** Problem statement **
Once the images are removed, set down everything else in the listing below exactly.

** Information supplied **
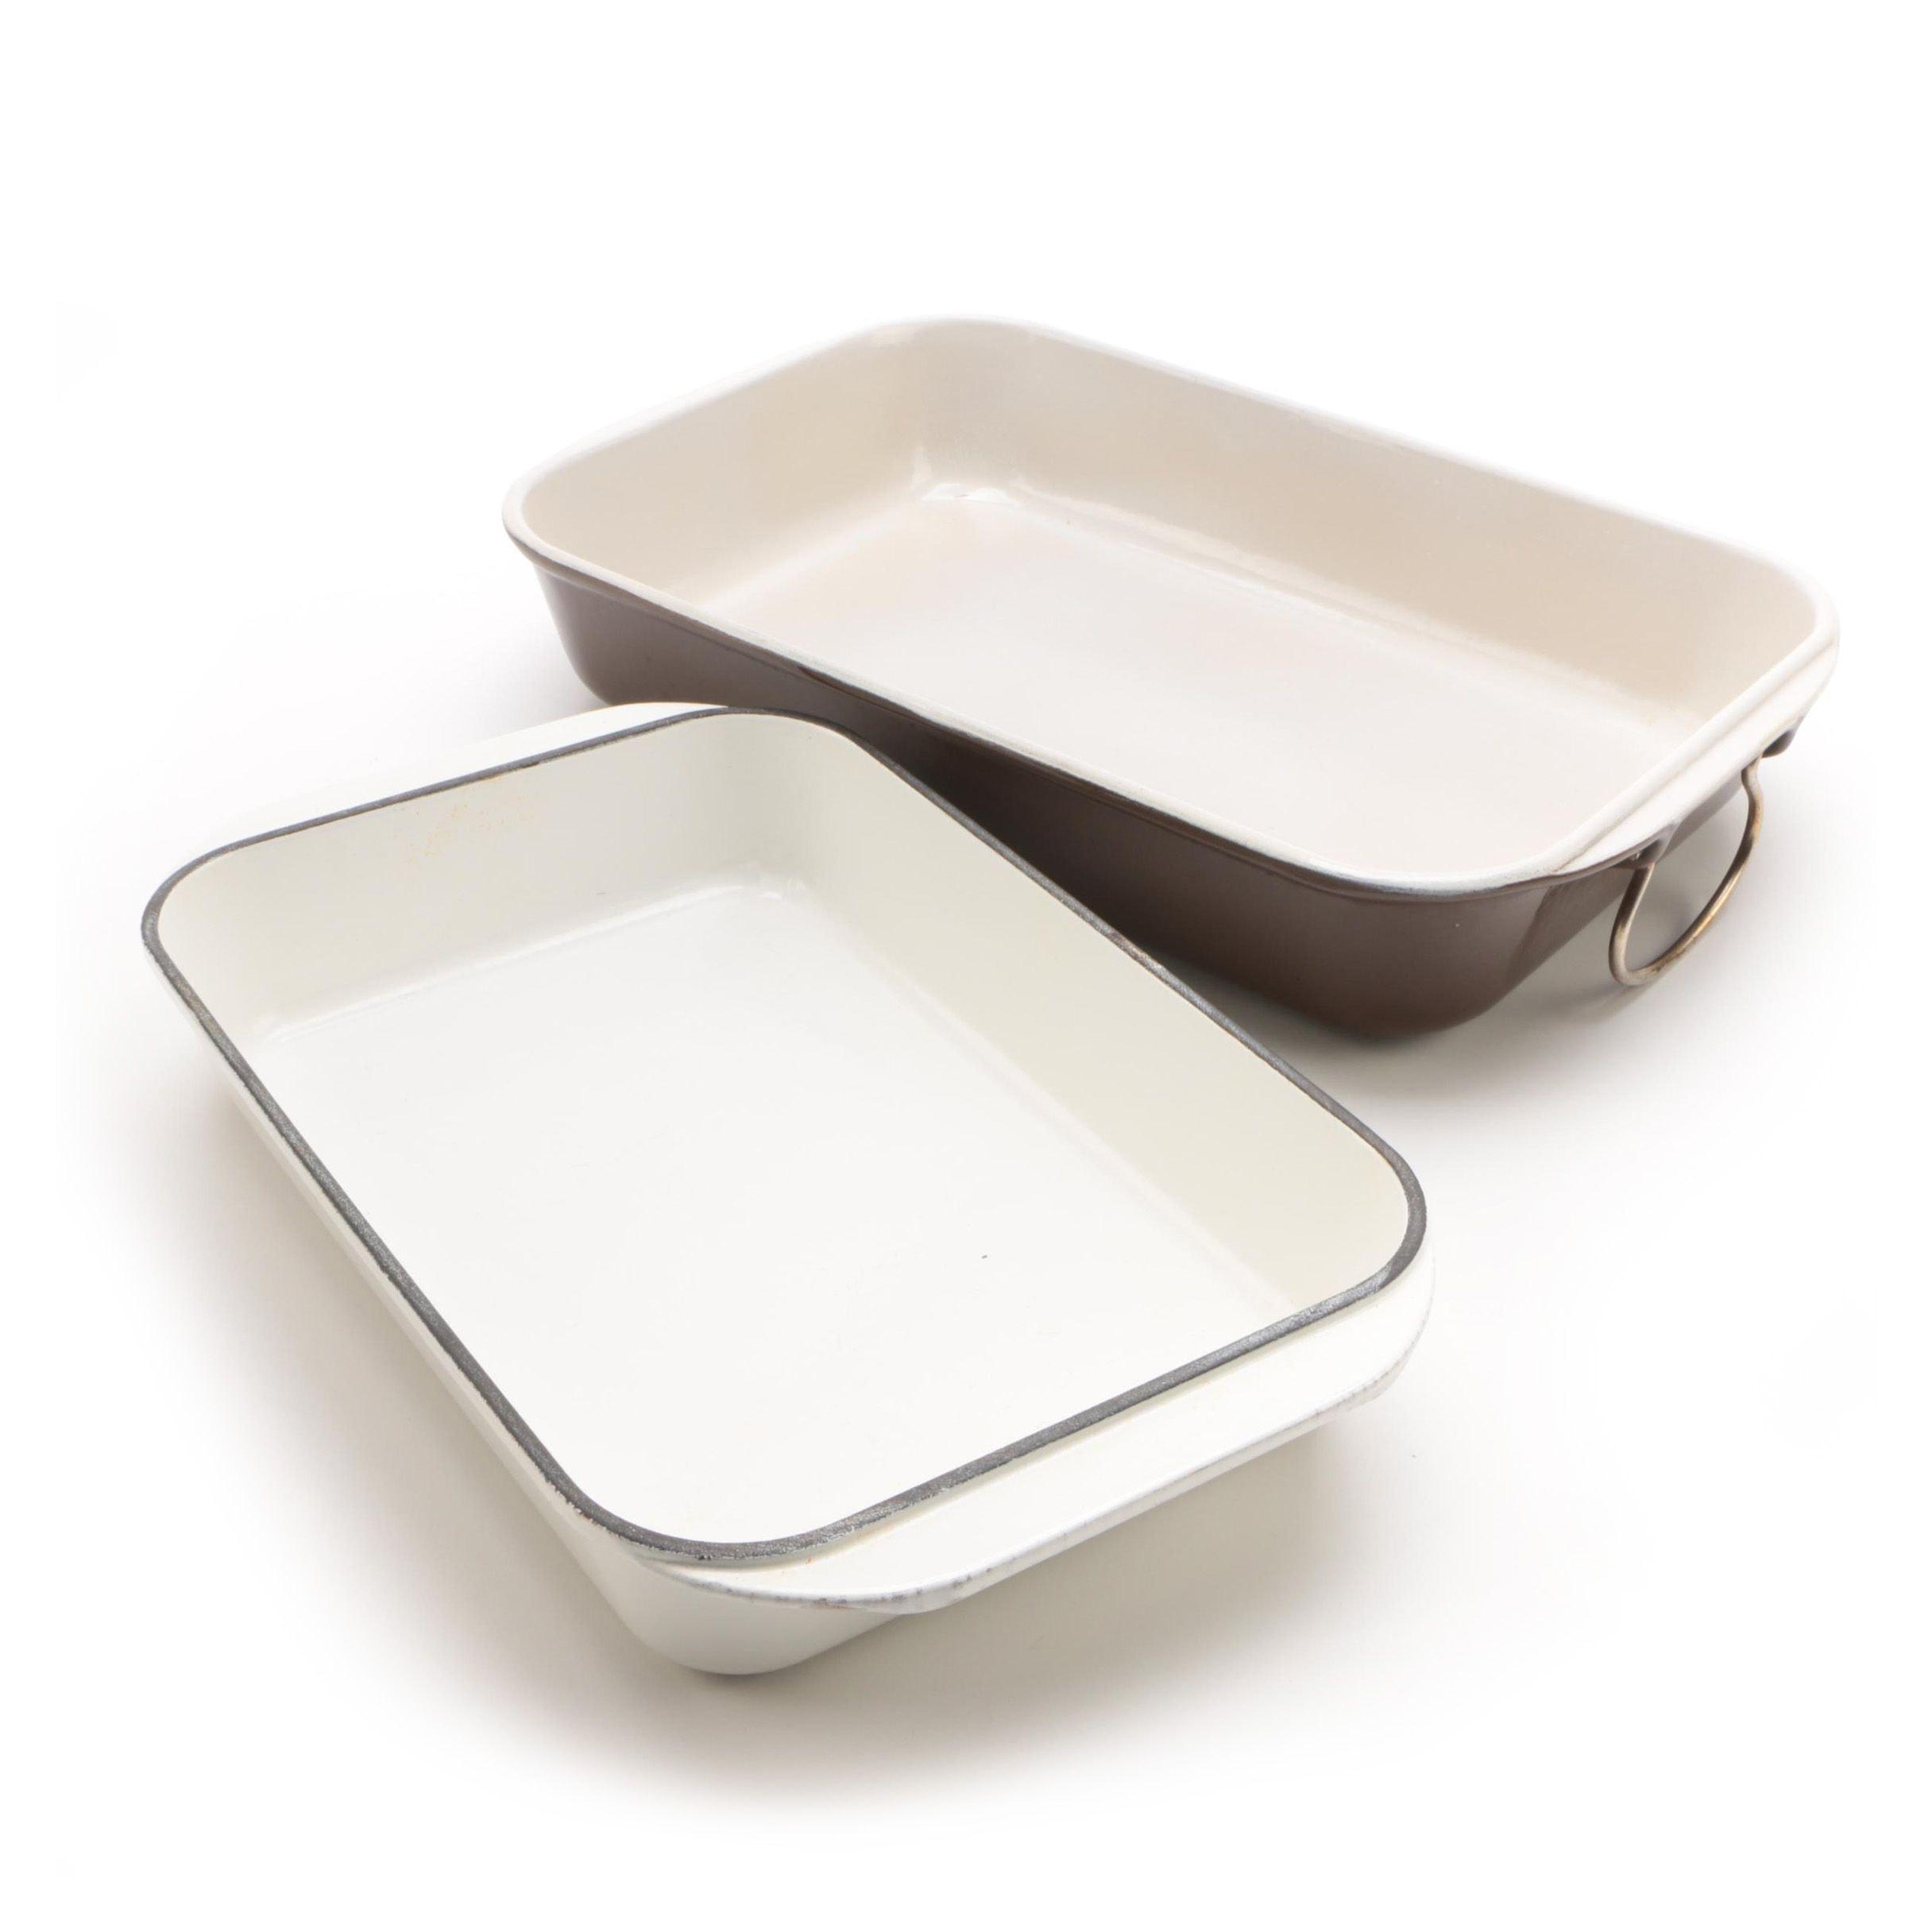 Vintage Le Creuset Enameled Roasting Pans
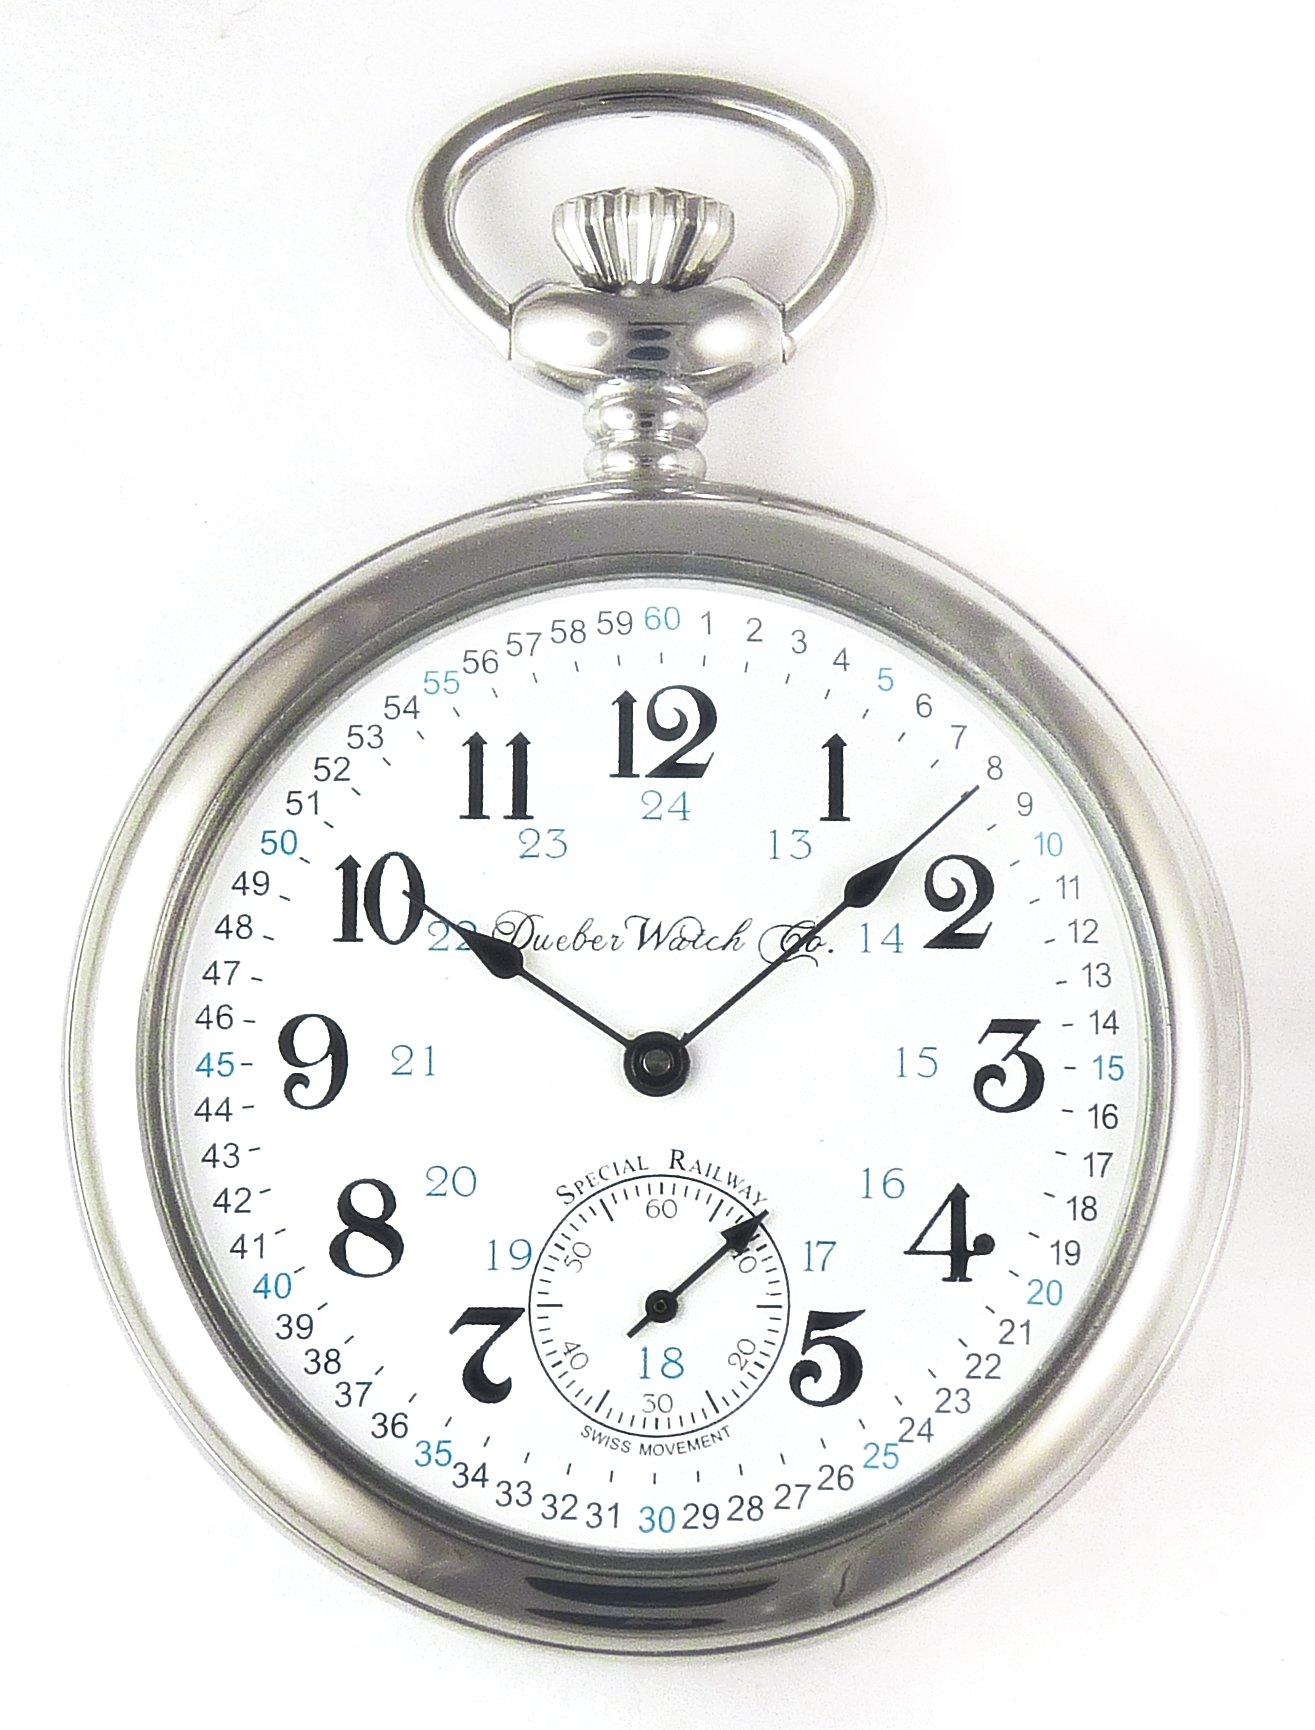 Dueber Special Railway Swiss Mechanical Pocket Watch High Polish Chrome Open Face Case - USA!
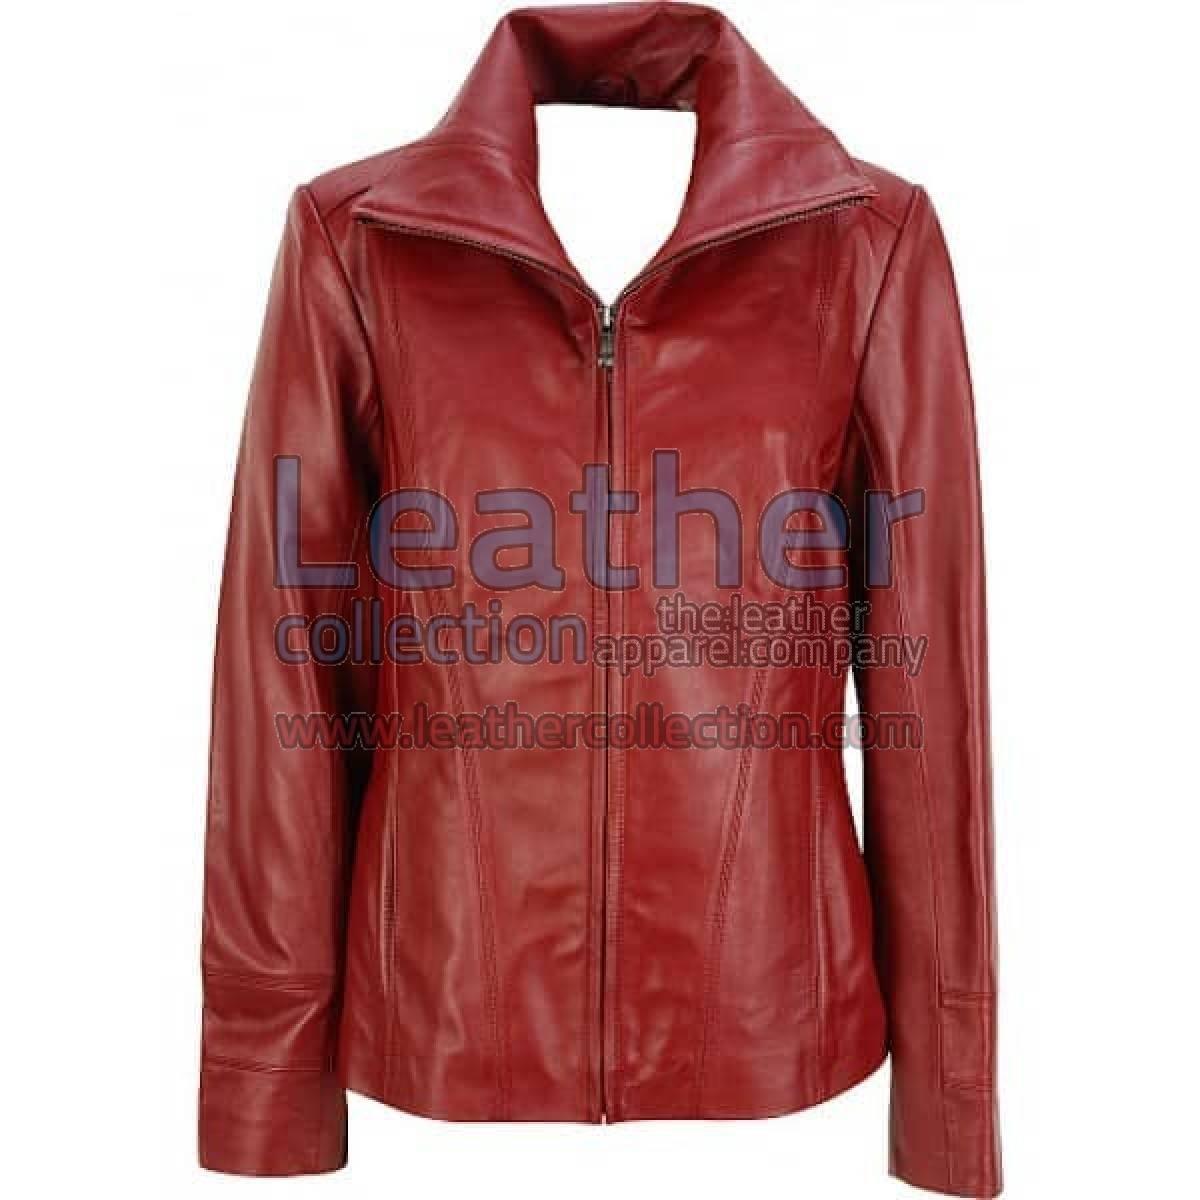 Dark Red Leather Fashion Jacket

** Problem solution **
 Vintage Le Creuset Enameled Roasting Pans
 Dueber Special Railway Swiss Mechanical Pocket Watch High Polish Chrome Open Face Case - USA!
 Dark Red Leather Fashion Jacket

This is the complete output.